Tam tersini düşünürsek, “Stadı tamamlanmış Beşiktaş, seyirci baskısı ile Vodafone Arena’da rakiplerini ezip geçer” diyenler çoğunlukta. Yukarıda tarif ettiğim model taraftar ve kongre üyesinin tamamı zaten böyle düşünüyor. Kazanılan şampiyonluğu stada ve kendilerinin verdiği desteğe bağlayacak, kaçan şampiyonluğun faturasını ise futbolculara ve hocaya keseceklerdir. Stadı bitirmiş başkan Fikret Orman şampiyonluk kaçsa da bedel ödemeyecektir. Oynadığı ‘kumar’ tutarsa istediği sürece Beşiktaş başkanı kalacaktır.

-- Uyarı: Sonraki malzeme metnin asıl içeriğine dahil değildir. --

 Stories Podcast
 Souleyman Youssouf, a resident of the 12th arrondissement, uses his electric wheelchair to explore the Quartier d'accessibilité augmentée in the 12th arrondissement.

Ben yine de uyarayım. Beşiktaş’ın şampiyonluk garantilenmeden Vodafone Arena’da oynaması, kumardan öte sportif açıdan olabilecek en kötü tercihtir. Umarım ben yanılırım, sizler bana ‘hain’ filan dersiniz. Aksi halde Beşiktaş kendi eliyle şampiyonluk ve Şampiyonlar Ligi’ne direkt katılma şansını azaltır normal şartlar altında. Ancak Yıldırım-Pereira ikilisinin tuhaf futbol yönetimi böyle devam ederse Beşiktaş tüm maçlarını dışarda da oynasa zaten şampiyon olacak ve bu yazının anlamı da kalmayacaktır.